# TECO bucket stuck in air with busted hydraulic hose



## Lonewolf47 (Sep 4, 2011)

I have a Teco bucket truck that has a busted hydraulic hose in the upper boom. The bucket is about 12ft off the ground and I can't saddle the boom to remove it from the job to take it to the repair shop. Can anyone tell me a way to safely saddle the boom using the lower controls?
I added 5 gallons of hydraulic fluid trying to see if I could quickly saddle the boom and it would not move and all of the 5 gallons leaked out in what seemed like about 30 seconds. I thought about taking another one of my bucket trucks over and trying to find the busted hose but there are not many access holes in the upper boom. Please advise....:sad:


----------



## dakzaag (Jan 6, 2009)

I have never seen a boom truck that didn't have a release available for the operator to let them self down in such an emergency. 

One time I watched another outfit struggle with a similar situation for a whole day. They called out a mechanic who couldn't figure it out. They were about to dismantle the whole boom when I sent my mechanic over and he had the boom on the ground in about two minutes. 

Funniest thing I ever saw, my mechanic never went to a bunch of school or anything, but he could fix it if it moved.
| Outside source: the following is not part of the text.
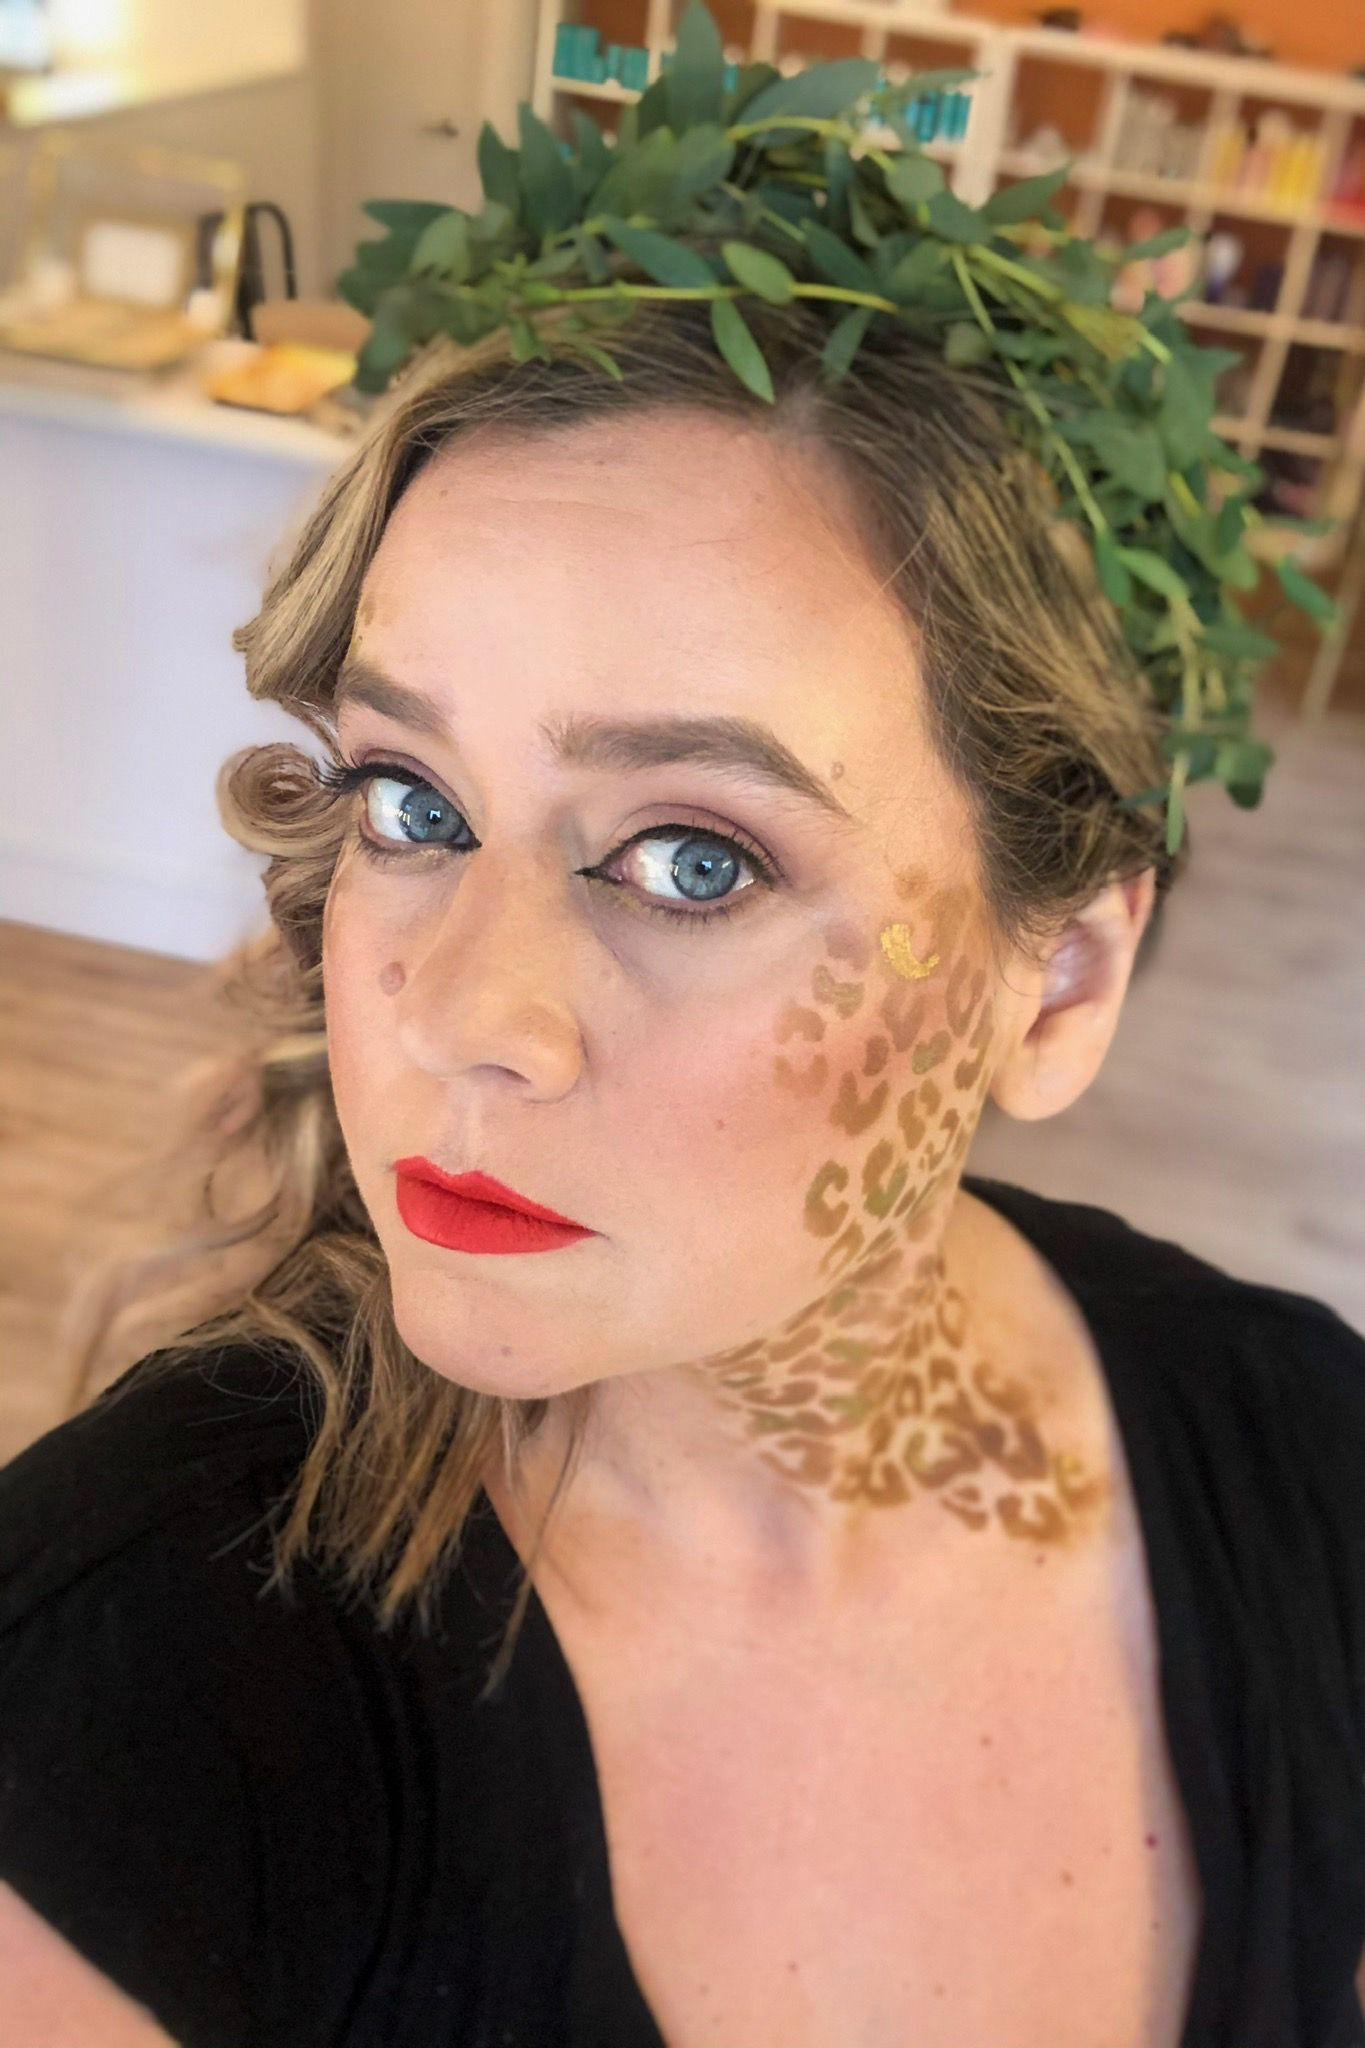 leopard queen makeup idea for Halloween hairstyle

He spent about thirty seconds figuring out which hose to drain and lowered the bucket by draining the oil slowly. 

I just tell you this to help you realize that often there is more than one way to solve the problem. In our case, after he lowered the bucket for them, they started the truck and it worked perfectly. 

I could have saved them a bunch of wasted time, but they were a little too cocky and full of themselves when I asked if they needed a hand the first time.


----------



## Lonewolf47 (Sep 4, 2011)

Well the boom would need to rotate as well to get it drivable.


----------



## CO762 (Feb 22, 2010)

Man, that's going to suck if you have to leave it there....liability.
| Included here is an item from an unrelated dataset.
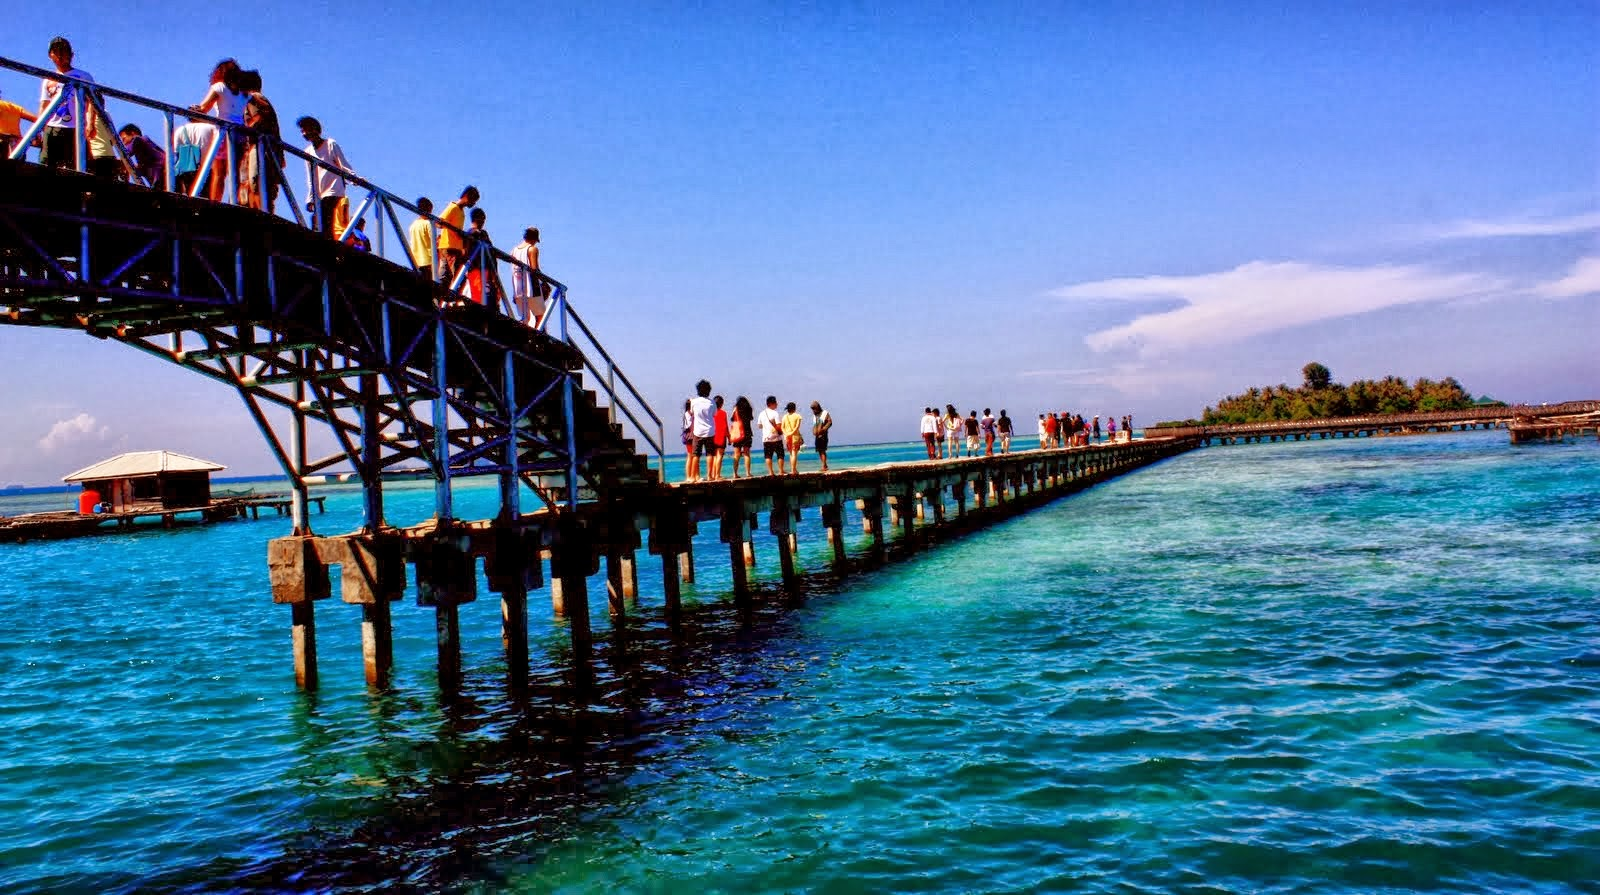 Paket Wisata Pulau Tidung  | Rekreasi Pulau Seribu

They make metal clamps that go over hoses for emergencies, but as you said, no access. can't you disconnect it from top/bottom and pull it out?

I just replaced a hydraulic hose I emergency clamped months ago. I took it to a tractor supply place and they made me a new one in 10 minutes. They also said automotive parts stores (napa?) will put in a splice for ya, but not sure as that's just what they told me. I used a cut up rubber glove and 4 hose clamps for a quick fix. Ace hardware should have that metal hose clamp cover as it's plumbing. I think it's used to cover pin holes in old water pipes. A piece of rubber (glove) will provide room for compression seal.


----------



## Nac (Apr 16, 2006)

Their schould be a manual valve taht you can turn to release the the pressure to lower it, you can probly look at where all the hydraulic valve banks are. To turn it you will be SOL have to remove the hose fix and install first. Or just call for a road service and have them figure it out.


----------



## Tdawg (Jul 24, 2011)

There must be a hydraulic shop or an equipment dealer that has a mobile unit somewhere in your area...no? All mobile heavy equipment mechanics deal with hydraulics every day. A mobile hydraulic guy would probably have the gear to make you up a new hose right on site.


----------



## Lonewolf47 (Sep 4, 2011)

Yep. It's at least $100 an hour and no telling what it would be on a holiday. I took my other bucket truck yesterday and found the busted hose, patched it good enough to saddle the boom. Problem solved. I'll take the hose off at the shop and have one made. Probably saved myself at least $1000.


----------



## Tdawg (Jul 24, 2011)

Good stuff, glad it worked out.


----------



## CO762 (Feb 22, 2010)

Lonewolf47 said:


> the busted hose, patched it good enough to saddle the boom. Problem solved.


Well? Hose clamps and piece of rubber sheet?
or 










or...?


----------



## Lonewolf47 (Sep 4, 2011)

I found that it is very hard to patch a hydraulic line. There is so much pressure that no matter how hard you clamp it or how many clamps you use, it wants to pull apart. I inserted a 3/8 copper pipe into each side of the cut ends which fit very snug up in it. I then used 5 fuel line hose clamps on each side. Even with them tightened all of the way down, the copper still pushed out from the pressure. Finally, to get the boom down and outriggers up, I had to put channel locks very tight on one side and use vice grips on the other side to keep the patch together long enough. We got the truck back to the shop.


----------



## CO762 (Feb 22, 2010)

Lonewolf47 said:


> I then used 5 fuel line hose clamps on each side. Even with them tightened all of the way down, the copper still pushed out from the pressure.


Dontcha just love jury rigging things? :thumbsup:
I had to patch 1/4ID hydraulic hose and you're right, it leaked, but it worked enough to push a large slide out out.

I bet if you could have flared out the ends of that piece of copper it would have held better.


----------



## Lonewolf47 (Sep 4, 2011)

You are probably right. I will know next time. I have a flare tool but its kind of hard to think when you are trying to do it in a torrential downpour. We got 6.45" of rain from what was left of tropical storm lee where the truck was sitting.


----------



## Metro M & L (Jun 3, 2009)

Ughh, what a day.


----------